Mexico union threatens Home Depot strike, inspired by USMCA trade deal

MEXICO CITY (Reuters) - Spurred on by labor protections in the new North American trade deal, a top Mexican trade union has accused Home Depot (HD.N) of blocking union activity and threatened strikes next week if the U.S. home improvement chain does not improve pay and benefits for workers.

The logo of U.S. home improvement chain Home Depot is seen after the Mexican trade union Revolutionary Confederation of Laborers and Farmworkers (CROC) accused Home Depot of blocking union activity, in Mexico City, Mexico January 15, 2020. REUTERS/Luis Cortes

The Revolutionary Confederation of Laborers and Farmworkers, or CROC, is pressing for a 20% raise, benefits such as 20 annual vacation days and more contributions toward transportation, school supplies, food and savings funds.

The union also is urging the company to end discrimination, sexual harassment and unfair dismissals, which it says have been reported to the union and labor councils.

“We called for a strike due to worker rights violations and to review the collective labor contract,” CROC Secretary General Isaias Gonzalez told Reuters.

Home Depot has about 6,200 workers under the union’s contracts, according to CROC.

Gonzalez said the demands were similar to those CROC put to retailer Walmart de Mexico last March before the government passed a reform designed to guarantee workers’ rights and end decades of cozy relationships between unions and companies that yielded so-called protection contracts.

Walmart (WMT.N) and CROC reached a deal to avert strikes.

The demands for Home Depot, where CROC has 40 collective contracts in 18 states, grew out of the United States-Mexico-Canada Agreement (USMCA), Gonzalez said.
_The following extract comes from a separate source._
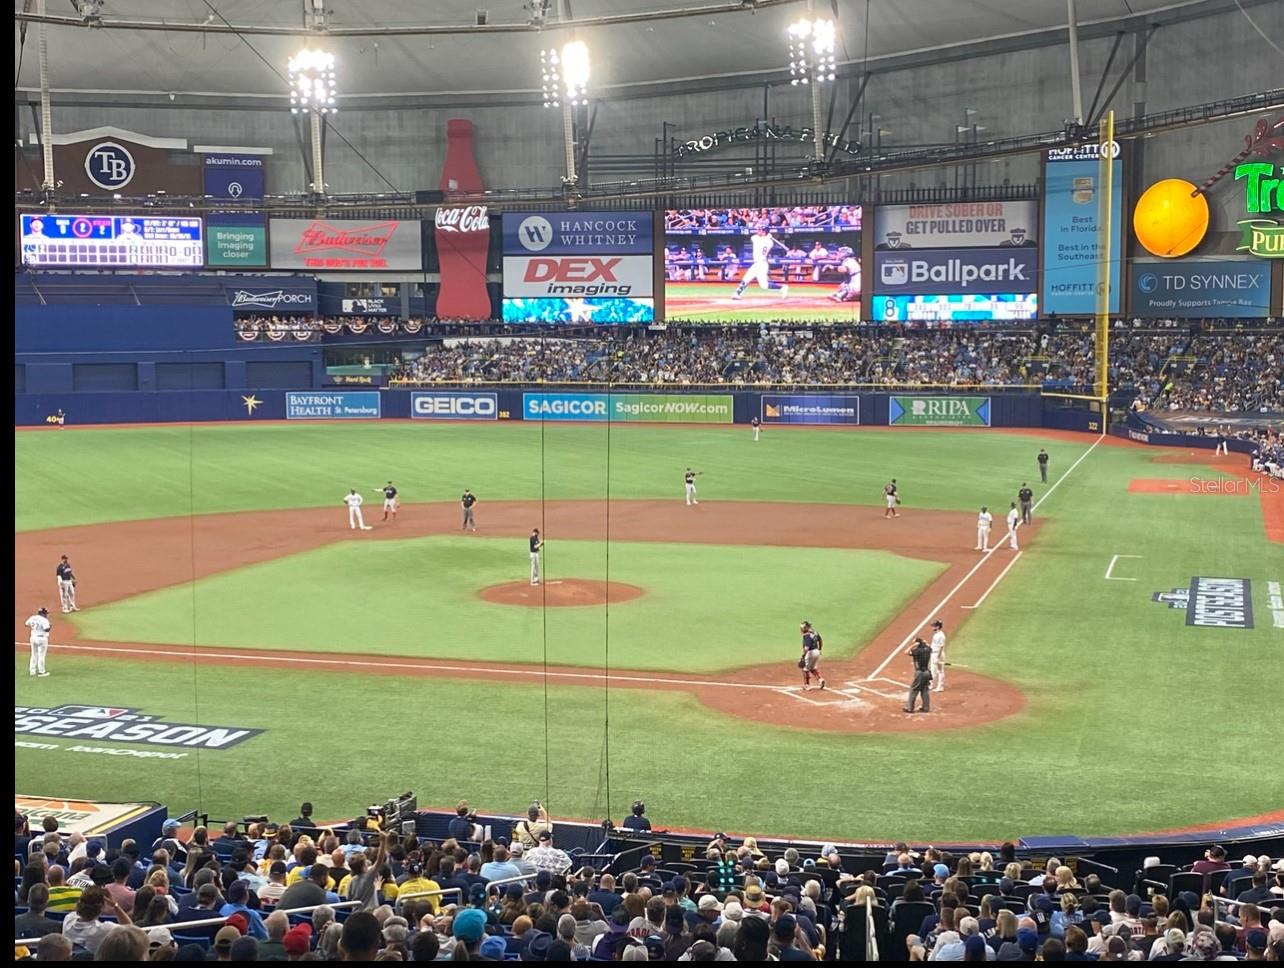 St Pete is home to the Tampa Bay Rays Baseball team and the Lightning Hockey team!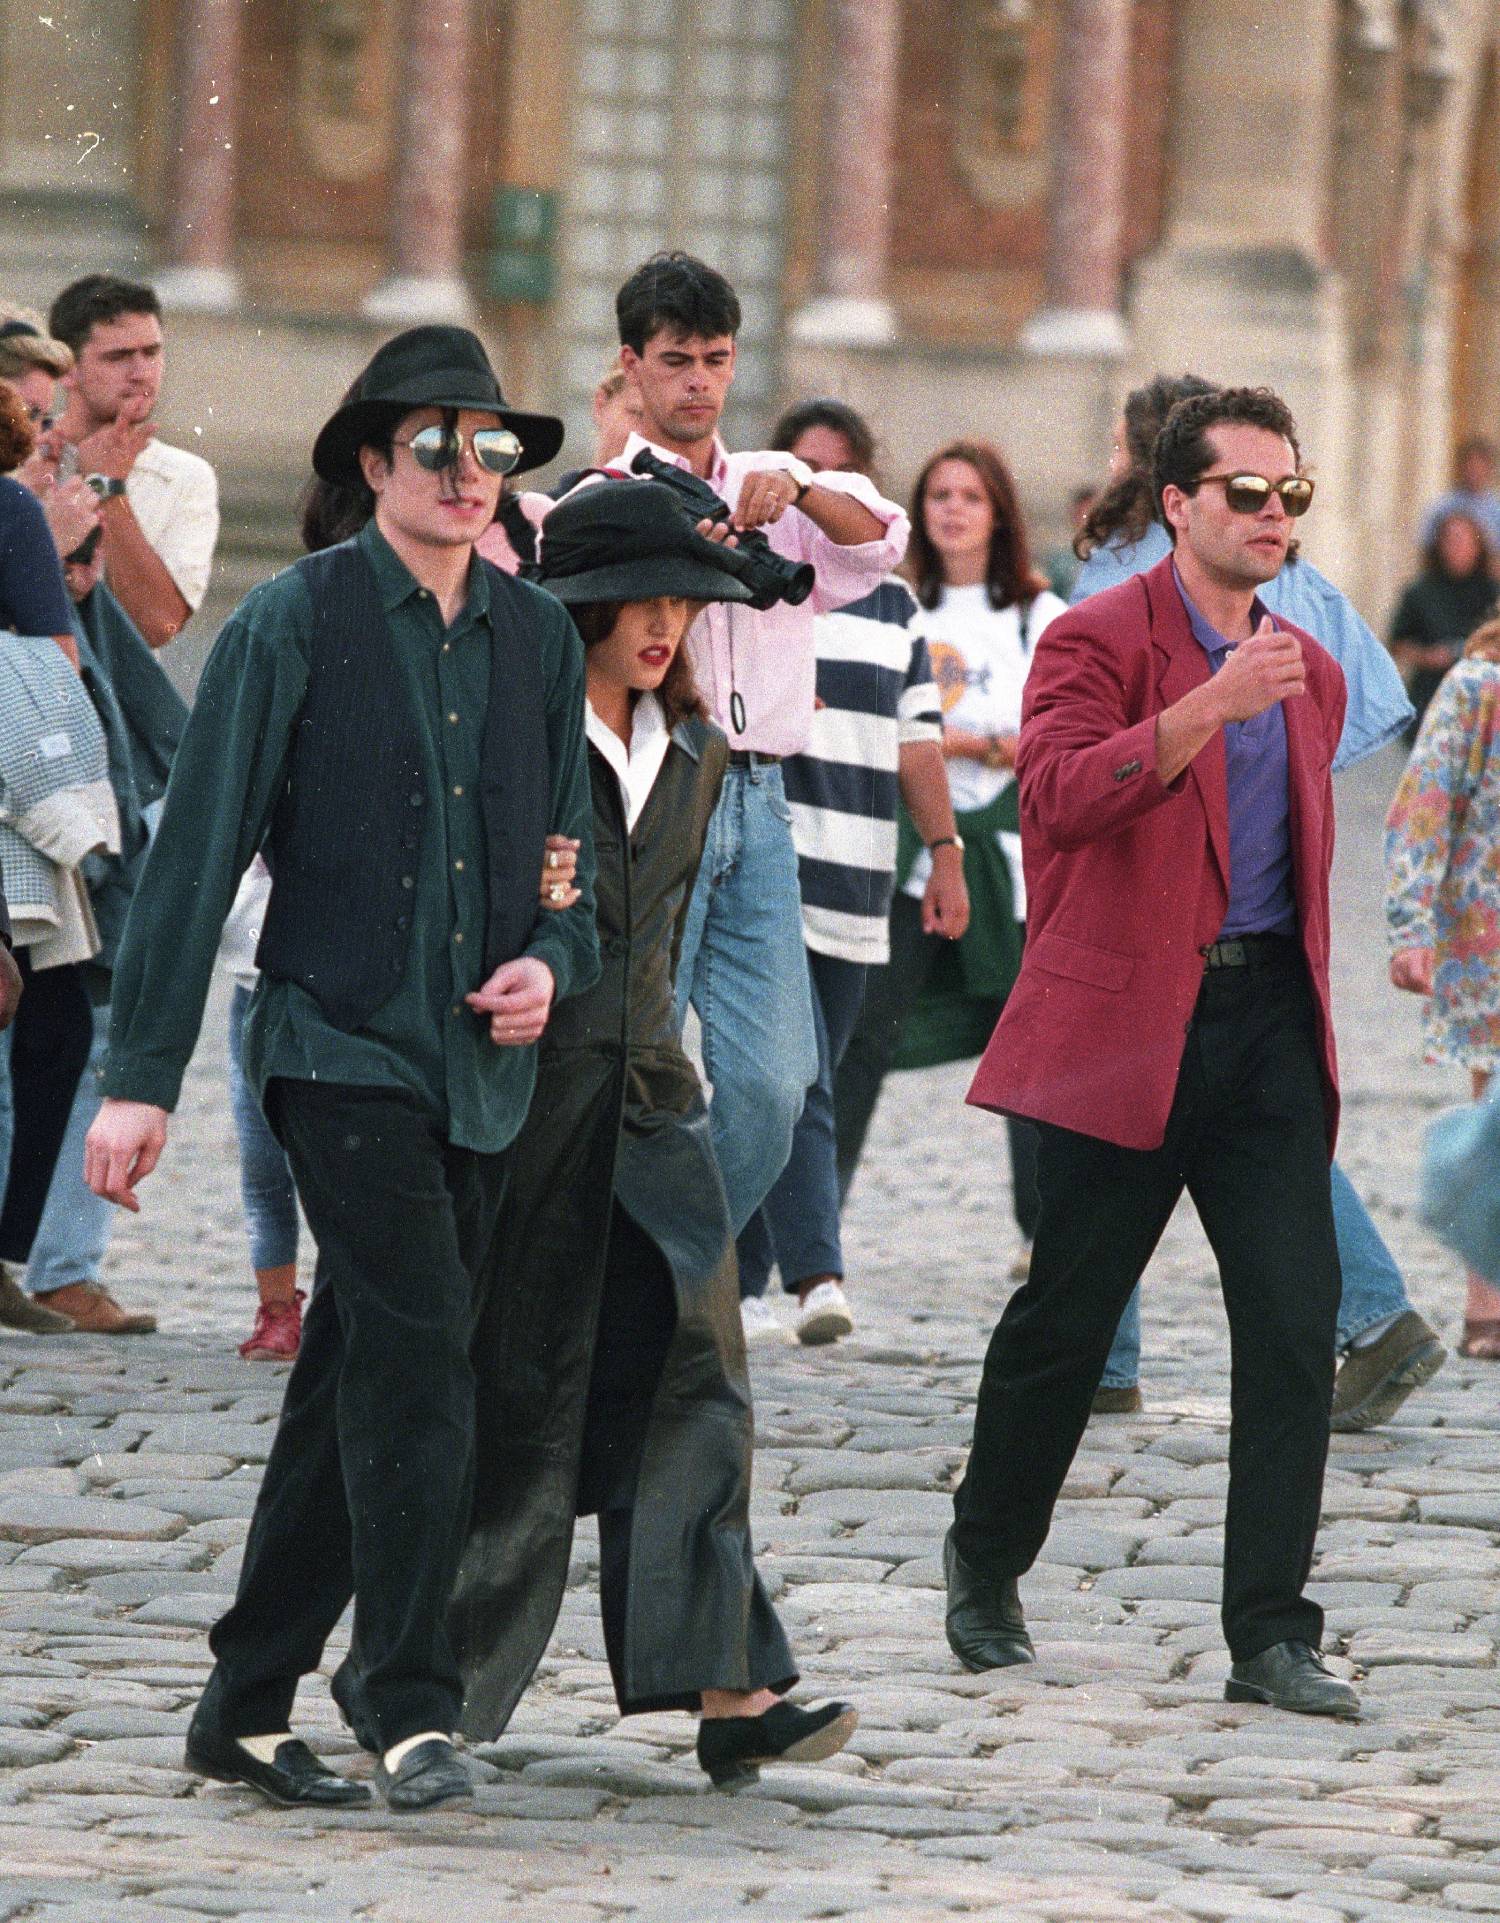 Michael Jackson and wife Lisa Marie Presley in 1995 at Versailles, France.

The trade pact was approved by the U.S. House of Representatives only after Mexico stepped up commitments to enforce its labor laws.

“Now is the time to act, because we now have the new labor law, we have USMCA, and we can’t be held to the terms of companies that resist,” Gonzalez said. “They’re used to protection contracts. But that ended with the new labor law.”

The USMCA has yet to be ratified by the U.S. Senate.

When asked about CROC’s demands, Home Depot said it was not the only company adapting to Mexico’s labor law.

“This stems from the ongoing changes coming from the new labor reform standards, which are not specific to The Home Depot,” said Home Depot spokeswoman Sara Gorman.

“We’re committed to doing the right thing, taking care of our associates and complying with the law, which we’ve done since our arrival in Mexico in 2001.”

Home Depot has about 16,000 employees across 125 stores in Mexico. Some workers in recent days have displayed large banners emblazoned with CROC’s arguments at store entrances.